The T Pot and T Cup were designed in the 3D software Blender. A mold was then printed and the forms cast in porcelain. The design is inspired by the floor plan of ‘T’ Space, the nonprofit gallery in Rhinebeck, New York.
While reflecting on the reasons to make paintings, I deduced the source. I believe The Brain is the essence of encaustic painting; while thinking about it, I made many.
I came to reason that the essence of painting was in its process—the doing; then it becomes in past tense—the did of it—and finally it is action—the denting of the canvas. On arriving at this conclusion, I created the epitome of painting.
I posed as a preacher with the intention of bringing to art a distinction between right and wrong. I traveled across Manhattan carrying a portable podium to signal my message.
The installation Let’s Talk About Art, included the Preacher’s Podium facing pews, The Brain and easels which the audience used to make comments about Art. The Biannual outdoor sculpture exhibition was curated by Alan Baer at Byrdcliffe Guild, Woodstock, NY.
A book placed on the podium was titled How to Paint a Painting. The lecture to be given: Do, Did, Dent.
The Preacher’s Podium became functional art in 2011 for the ‘T’ Space Gallery. Many poets and announcements have been presented from the podium during the art events of ‘T’ Space’s summer season. Shown here is the poet Mei-mei Berssenbrugge.
The Poets Memorial Candles are small busts each named for a poet to be read by candlelight.
The Poets Candelabra features the Poets Memorial Candles.
The Book Paintings is a series in which each is defined by a concept. The example here is a story of an event that occurred in the early 1980’s. A pregnant ally cat gave birth to kittens in my ground floor studio in Brooklyn. The neighborhood kids in the street wanted to see the kittens. I was put in the position of telling them the facts of life.
The Book Paintings series included this traditional still life painting featuring a photo of a calculator. This 1982 intuition forecast the future.

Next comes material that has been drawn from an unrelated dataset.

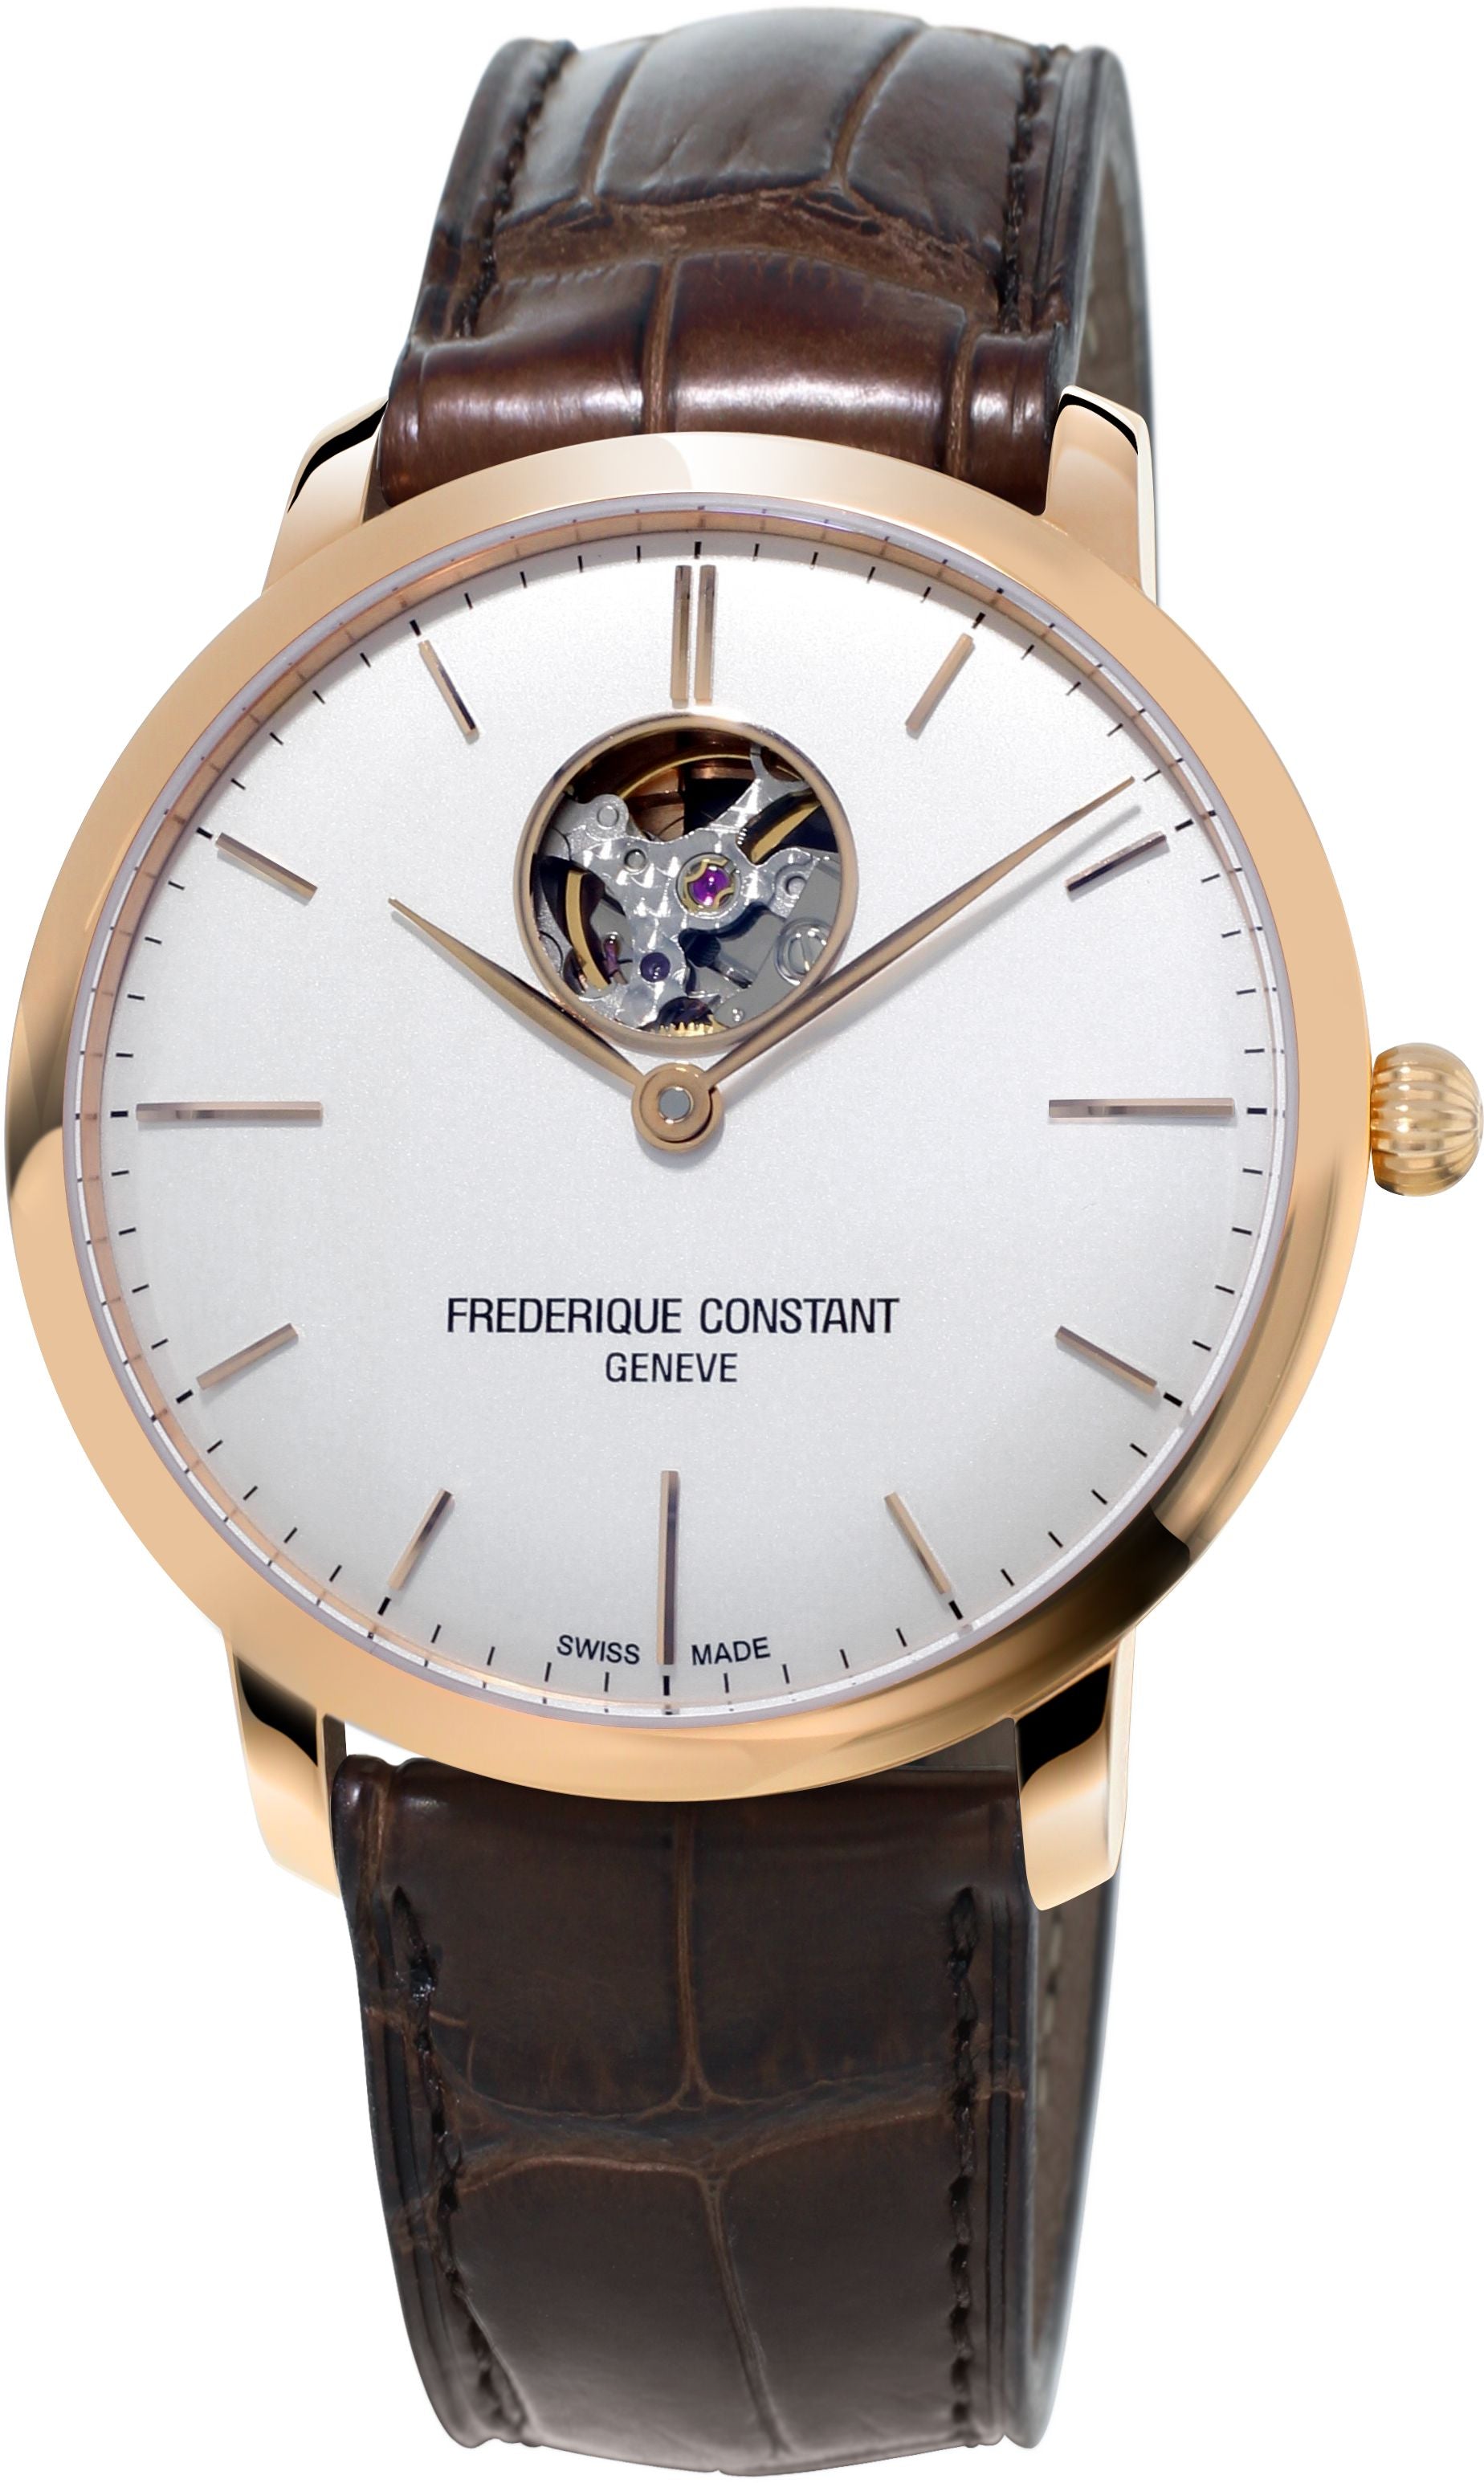 FREDERIQUE CONSTANT MENS STAINLESS STEEL Rose Gold-Tone Automatic SLIMLINE Leather Strap

In Advance of a Swept Room was created as a critique of Marcel Duchamp’s In Advance of a Broken Arm. His sculpture of an appropriated shovel initiated the concept of a “readymade.” Henceforth, art could be functional and need not be made by the artist.
I countered this concept of anti-art by carving a broom by hand that looked like it could function but, with such stiff wooden tines, could not.
The Still LIfe Painting, Votive Stand, has everything a painting has: canvas, stretcher bars, vegetables and fruit, except for paint. They stand as an offering.
The collection of Still LIfe Paintings, Votive Stands.
The World Toy Company Packages are a critique of consumerism. Each expresses, from a different perspective, a concept missing a function. Yet all are packaged, ready to sell. For example, “Hope for Anxious Love,” is a small red plastic bag to wear around one’s waist and holds two chunks of coal.
Along the way things come up and their traces are left behind. This section accounts for some of these objects with a brief explanation of their reasons to be.